Task goal: Exactly and in full, give the records again.
Start of Block
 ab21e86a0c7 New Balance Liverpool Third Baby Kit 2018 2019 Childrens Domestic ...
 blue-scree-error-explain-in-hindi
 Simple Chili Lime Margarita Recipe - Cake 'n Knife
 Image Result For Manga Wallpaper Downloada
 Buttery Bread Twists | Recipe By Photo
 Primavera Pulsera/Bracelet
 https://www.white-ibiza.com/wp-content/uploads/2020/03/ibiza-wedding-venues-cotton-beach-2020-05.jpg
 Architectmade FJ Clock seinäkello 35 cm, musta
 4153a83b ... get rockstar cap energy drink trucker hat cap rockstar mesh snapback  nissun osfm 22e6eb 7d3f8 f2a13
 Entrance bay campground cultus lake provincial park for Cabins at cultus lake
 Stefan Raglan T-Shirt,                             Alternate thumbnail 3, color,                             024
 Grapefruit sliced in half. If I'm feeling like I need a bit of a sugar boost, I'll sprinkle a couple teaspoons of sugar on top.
End of Block
Response:
 ab21e86a0c7 New Balance Liverpool Third Baby Kit 2018 2019 Childrens Domestic ...
 blue-scree-error-explain-in-hindi
 Simple Chili Lime Margarita Recipe - Cake 'n Knife
 Image Result For Manga Wallpaper Downloada
 Buttery Bread Twists | Recipe By Photo
 Primavera Pulsera/Bracelet
 https://www.white-ibiza.com/wp-content/uploads/2020/03/ibiza-wedding-venues-cotton-beach-2020-05.jpg
 Architectmade FJ Clock seinäkello 35 cm, musta
 4153a83b ... get rockstar cap energy drink trucker hat cap rockstar mesh snapback  nissun osfm 22e6eb 7d3f8 f2a13
 Entrance bay campground cultus lake provincial park for Cabins at cultus lake
 Stefan Raglan T-Shirt,                             Alternate thumbnail 3, color,                             024
 Grapefruit sliced in half. If I'm feeling like I need a bit of a sugar boost, I'll sprinkle a couple teaspoons of sugar on top.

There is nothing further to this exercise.